Facial expression is an important communication tool for the human being, through which people can recognize others’ mental status, such as happiness, anger, sorrow, etc.^[1] Among various facial emotion recognition (FER) methods, camera image has become a focused area because of its widespread application in daily life, such as Virtual Reality, advanced driver assistance systems (ADASs), education, and healthcare.^[2] In light of this, the FER aroused our interest to study and implement some techniques.

Facial emotion recognition (FER) is achieved either by measuring the changes of various body parameters, such as measuring heart rate, eye activity, electroencephalography, etc or by analyzing the facial image.^[1] And the latter has gained popularity because of the abundant and cost-effective computational resources. The research studies the FER based on input from the camera can be divided into two groups, conventional methods and approaches using neural networks.^[1] The conventional FER method is based on hand-engineered features to identify facial emotion.^[4] The typical process includes detecting the region of interest, extracting features and then using a pre-trained classifier to recognize the facial emotion, as shown in Fig.1.^[1] The popular classifier includes SVM, random forest, and kNN. In contrast, the neural network uses the whole image as the input and it is processed by artificial neurons. It has emerged as a general approach for computer vision with the availability of big datasets. The classical CNN convolves the input image to generate feature maps, which are concatenated and then used for classification (see Figure 2).^[1] Among published studies, Kim et al. proposed a hybrid model consisting of a CNN and long short-term memory (LSTM), and it has the highest performance with an accuracy of 78.61%. ^[3]

2. Methods

In this project, we will build a deep convolutional neural network (CNN) based on the model proposed by Aayush Mishra (https://www.kaggle.com/aayushmishra1512/emotion-detector), which consists of five CNN modules. The model contains about 4.5 million parameters. The batch normalization and dropout techniques are used to make the model robust. The detailed structure is shown in Fig.3.

Figure 1. Conventional FER method.^[1]

Figure 2. Deep neural networks-based FER approach.^[1]

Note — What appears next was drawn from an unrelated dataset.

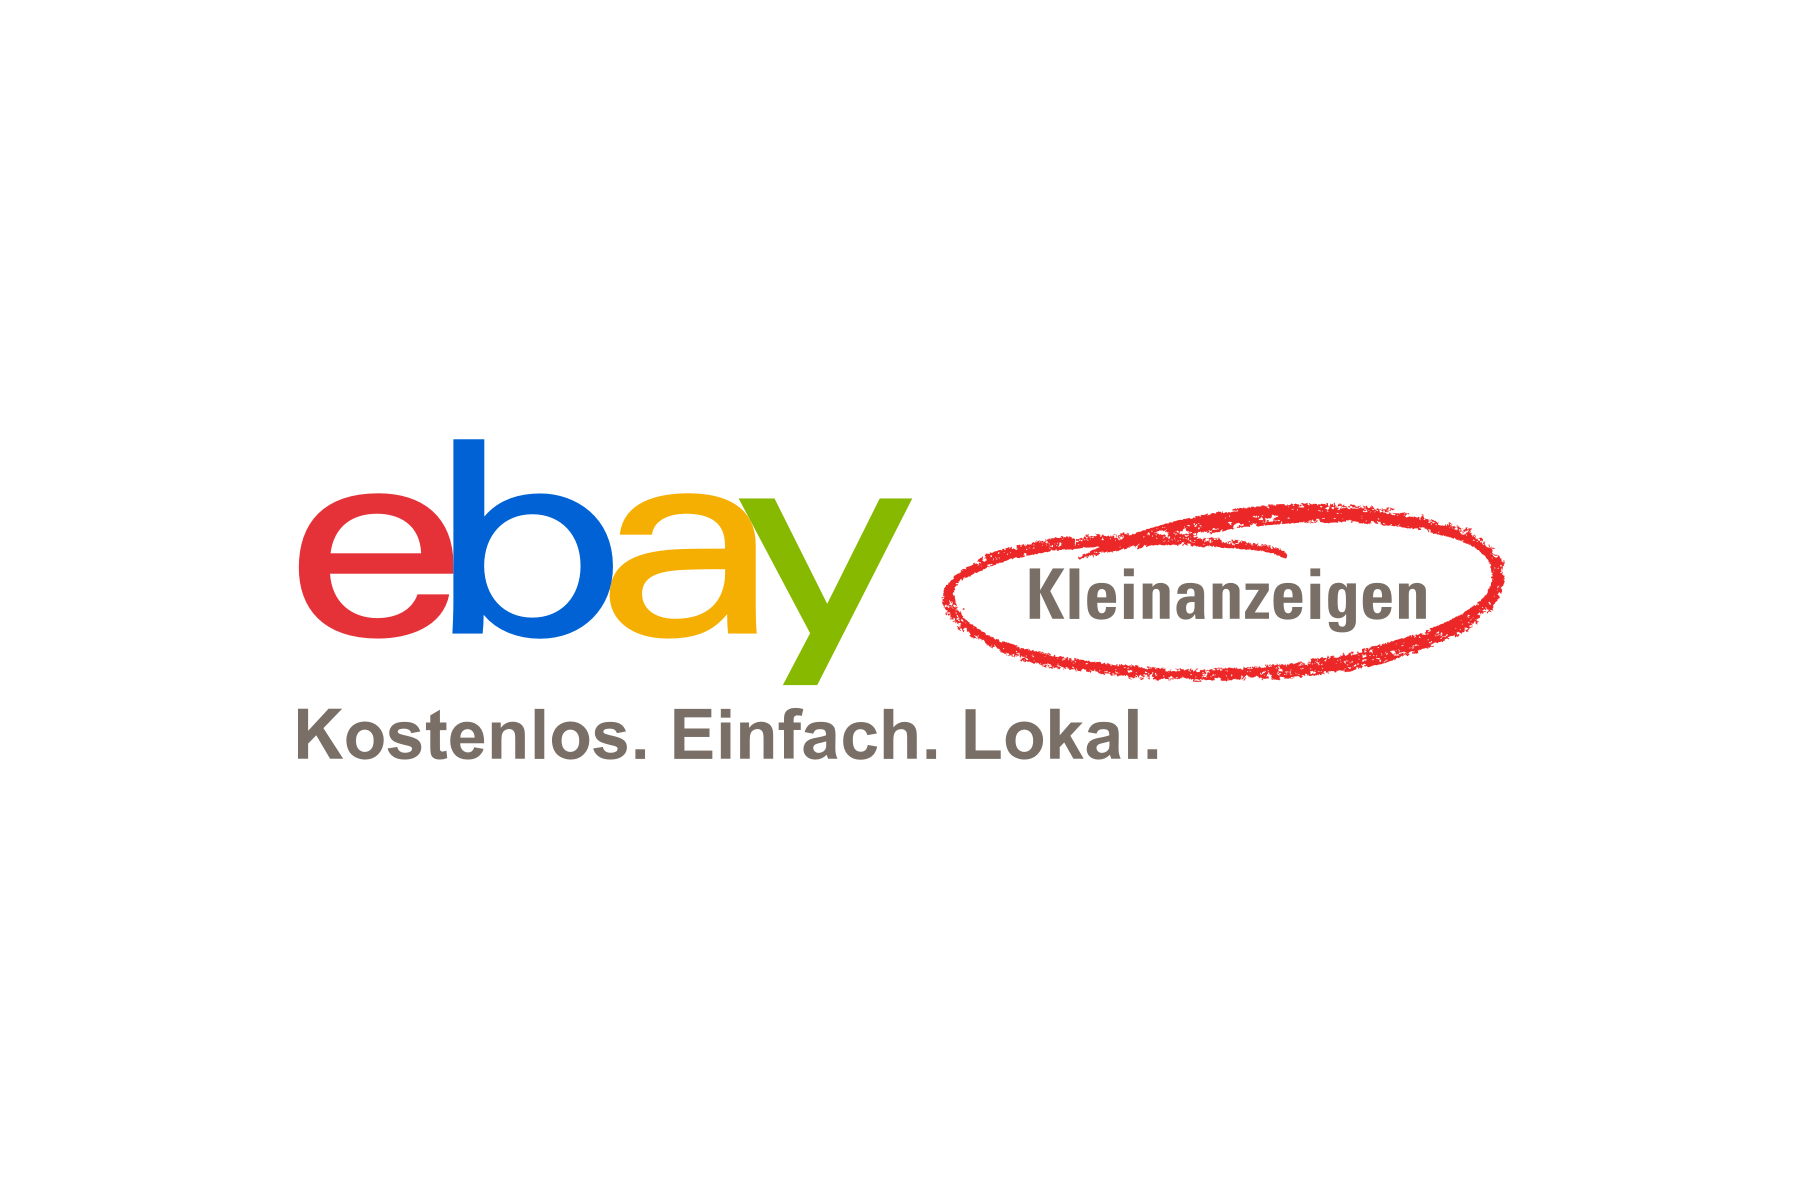 Шукаємо необхідні речі за помірними цінами або безкоштово на eBay Kleinanzeigen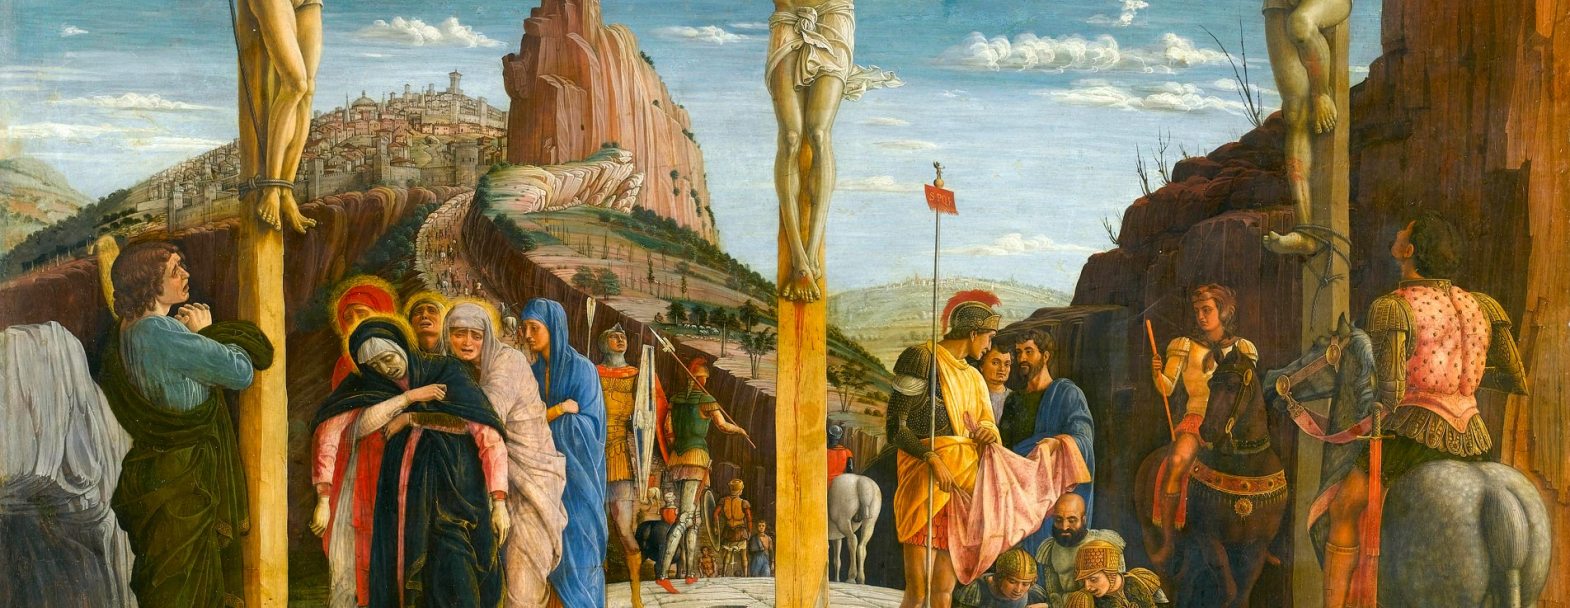 Le Calvaire, Extrait d'une partie centrale du retable de San Zeno à Vérone, peint par Andrea Mantegna en 1459 © leemage - Gettyimages / Josse

Figure 3. The architecture of CNN

Several basic components and techniques adopted in the model are briefly reviewed.

Convolution: The convolution kernel is used to detect edges and thus, it is also called the filter. The convolution kernel has a locality attribute, and it focuses on local features. For example, the essence of edge detection with the Sobel operator is to compare the similarity of adjacent pixels of images.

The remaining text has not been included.